DST seems an antiquated notion that has lived long past its perceived benefits.  
My opinion is that the best example of a justification for this was concerning factory workers on multiple shifts, so that they were always in daylight at least once, either before or after their shift.  Even then, it's a bit of a stretch to my imagination to see the importance of that purpose.


----------



## Archive (Apr 26, 2021)

> Note: This post was recovered from the Sh.org archive.Username: SawdyDate: 2019-10-03 22:11:14Reaction Score: 0


Alberta tried recently to join Saskatchewan and do away with DST.  The push back came from multiple sources including sports like Hockey as it interferes with the showing of eastern and western games as you lose the 2 hour gap between eastern and mountain when the east changes and the west doesn't.


----------



## feralimal (Apr 26, 2021)

> Note: This post was recovered from the Sh.org archive.Username: FeralimalDate: 2019-10-03 22:29:41Reaction Score: 3


This issue still - STILL - gets me.  It absolutely affects people!  I recognize this personally and with children.  I would choose to ignore it, but you _cannot_ if you have any engagement with the system.  There is absolutely no sense in changing the time. When do we change other scales, eg when is a metre not a metre, or a pint not a pint?

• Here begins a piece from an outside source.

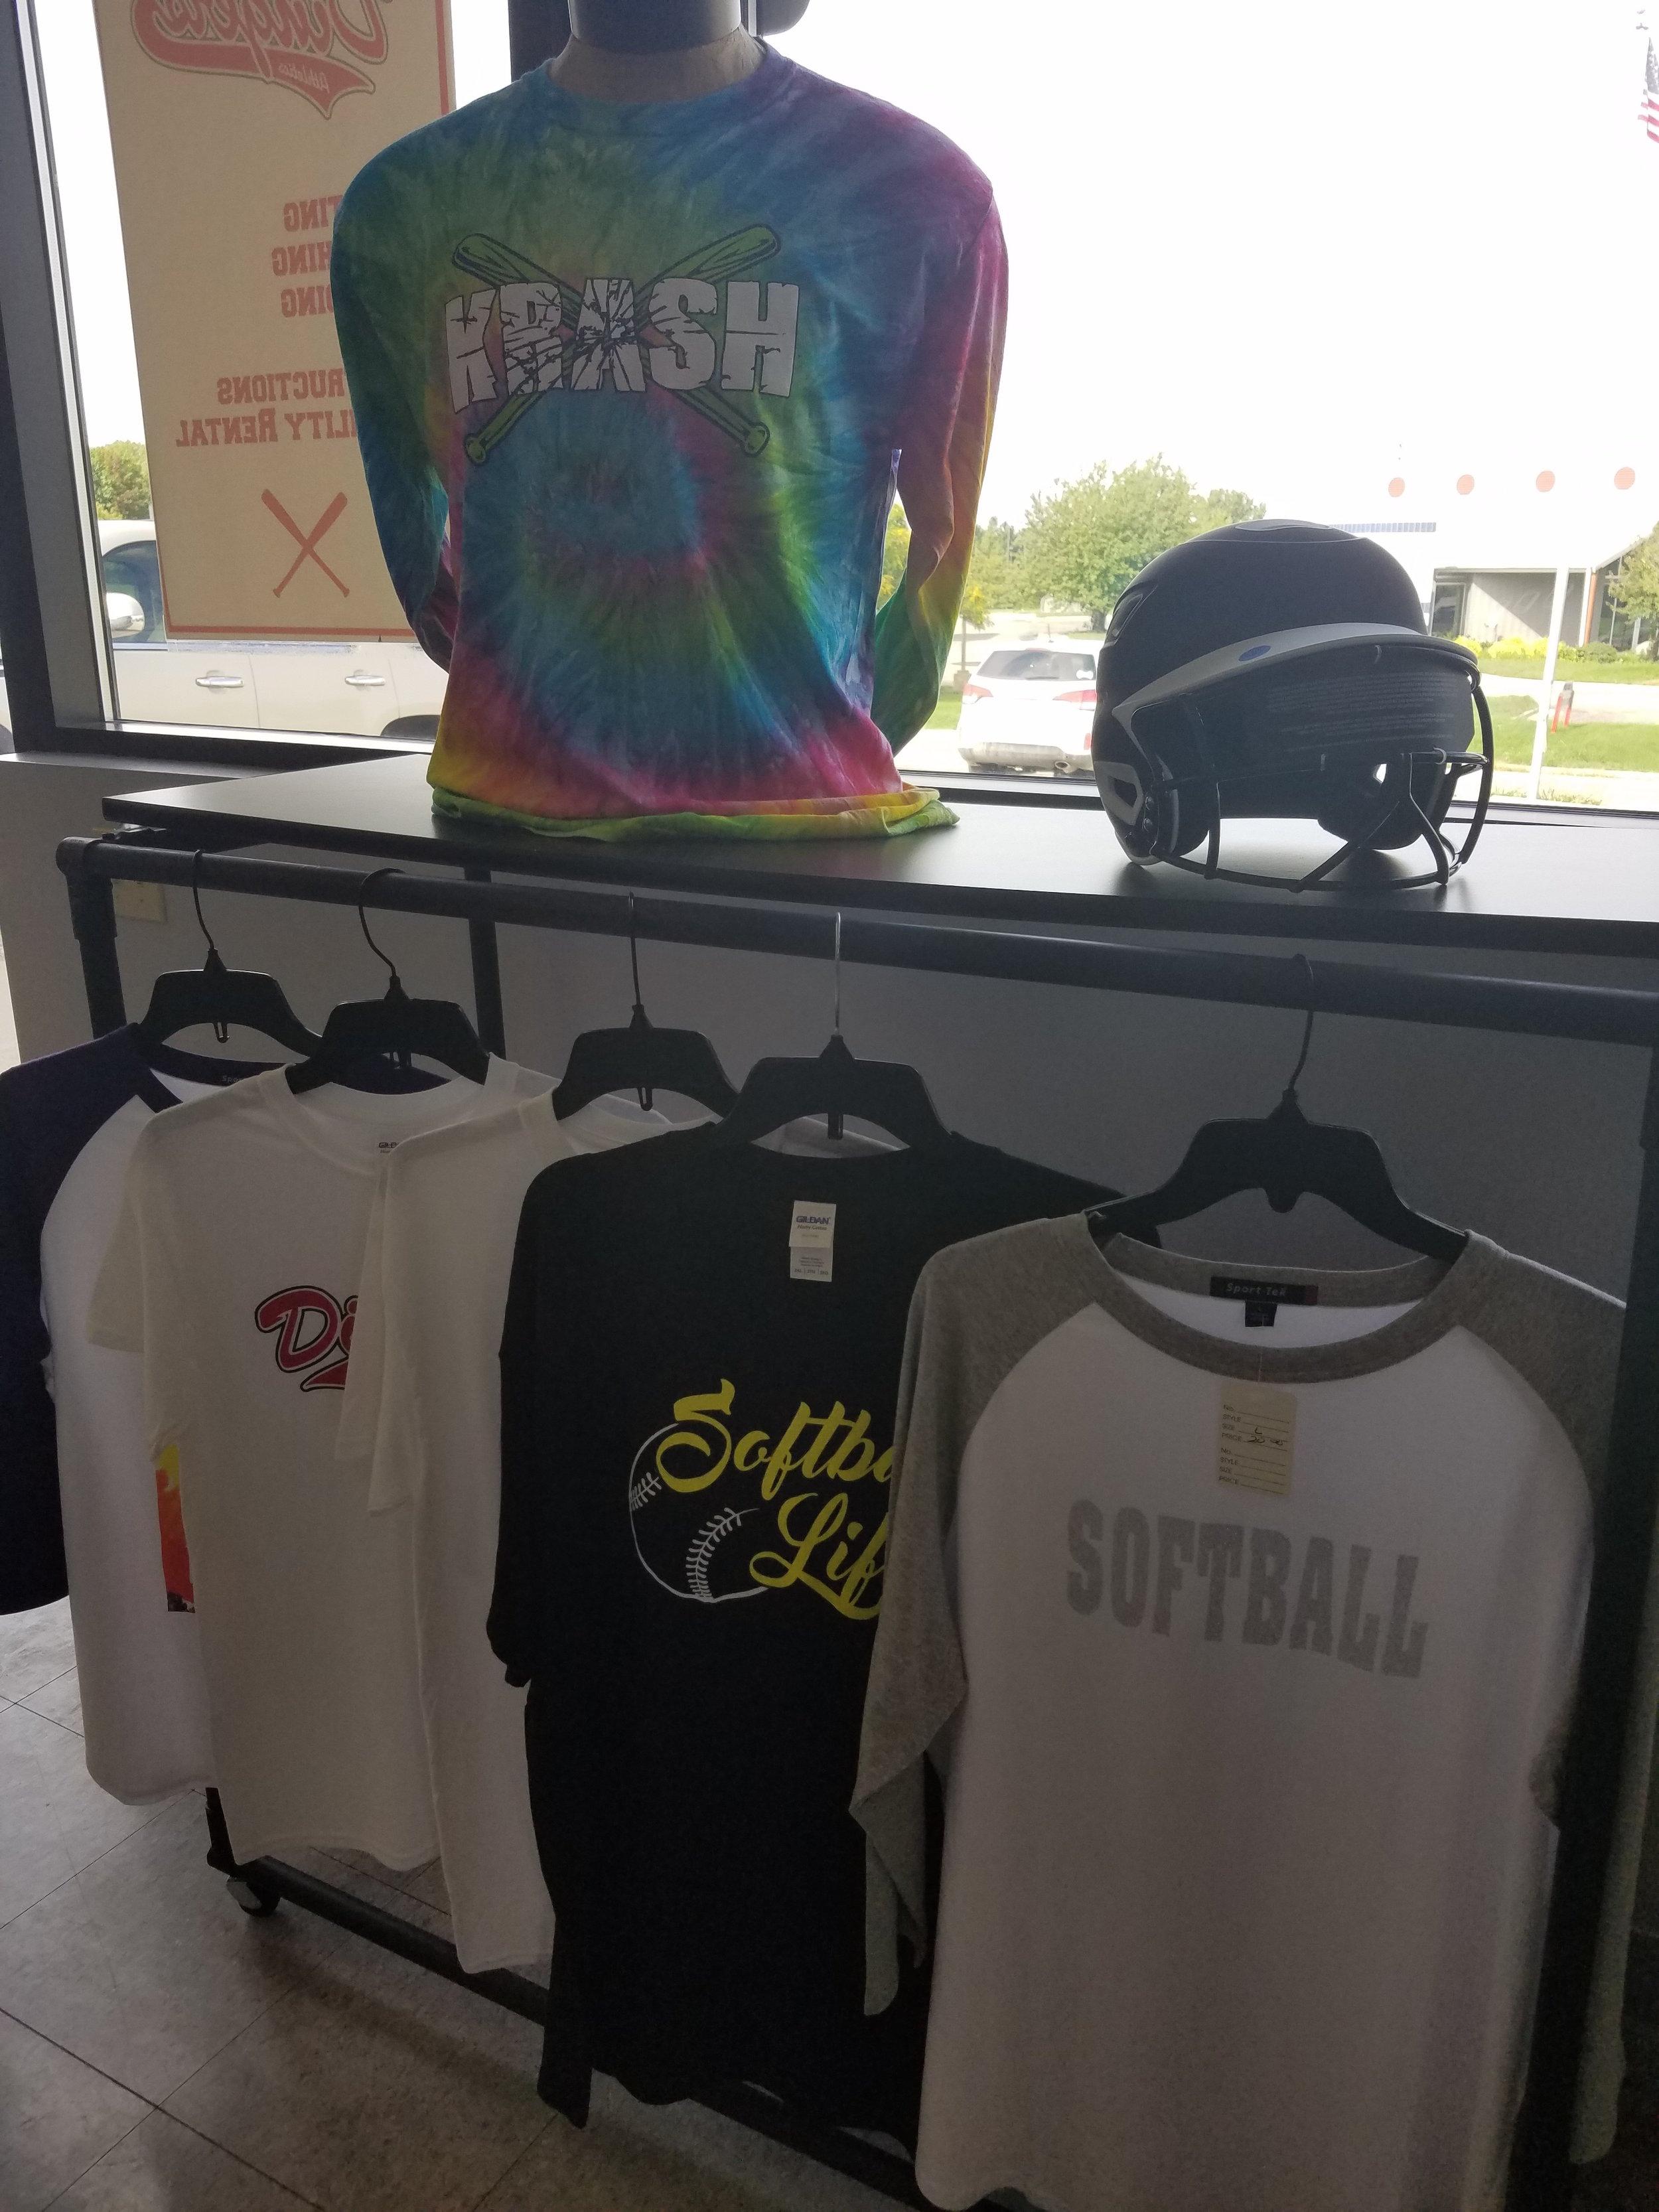 SP - Shirts.jpg
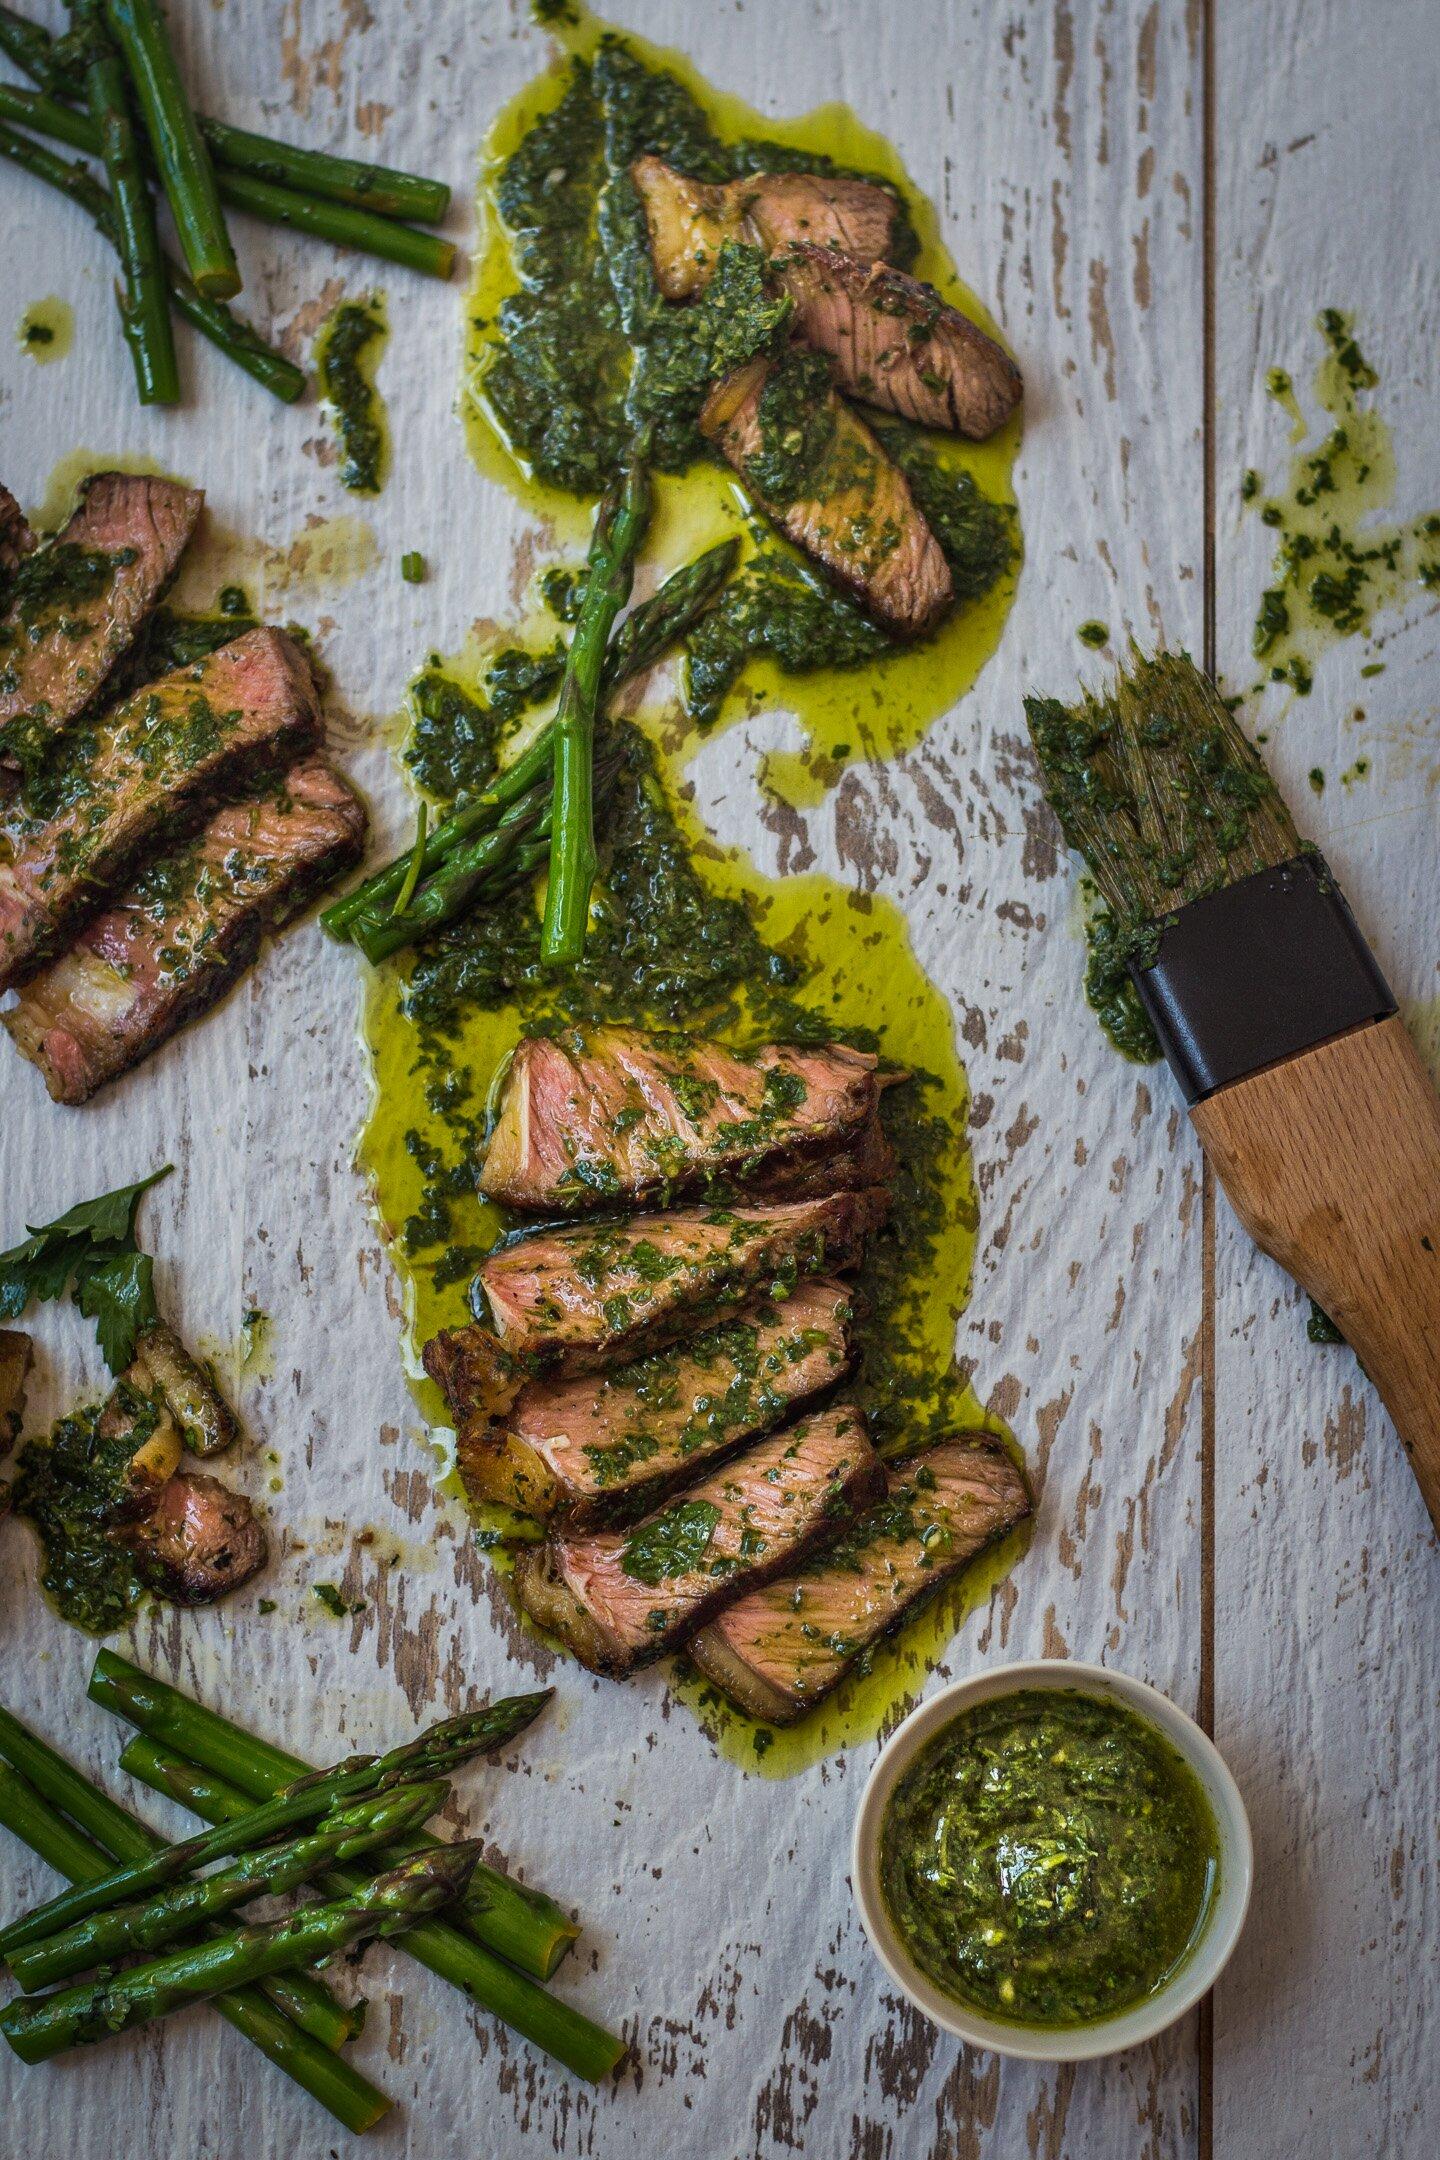 steak-with-chimichurri-sauce-recipe-3

I'm long of the opinion that it's just done to f*ck with us.  It turns us away from looking to ourselves and light for a natural sense of time,  and gives our governmental administrators an opportunity to jangle our chains.  The fact it has taken so long to even consider doing anything common sense like getting rid of it (100+ years), is an example in itself of how politicians 'represent' our interests.  As if we needed a reminder.


----------



## Dirigible (Apr 26, 2021)

> Note: This post was recovered from the Sh.org archive.Username: DirigibleDate: 2019-10-03 22:55:03Reaction Score: 2


Fall back 30 minutes (split the difference) and never do it again.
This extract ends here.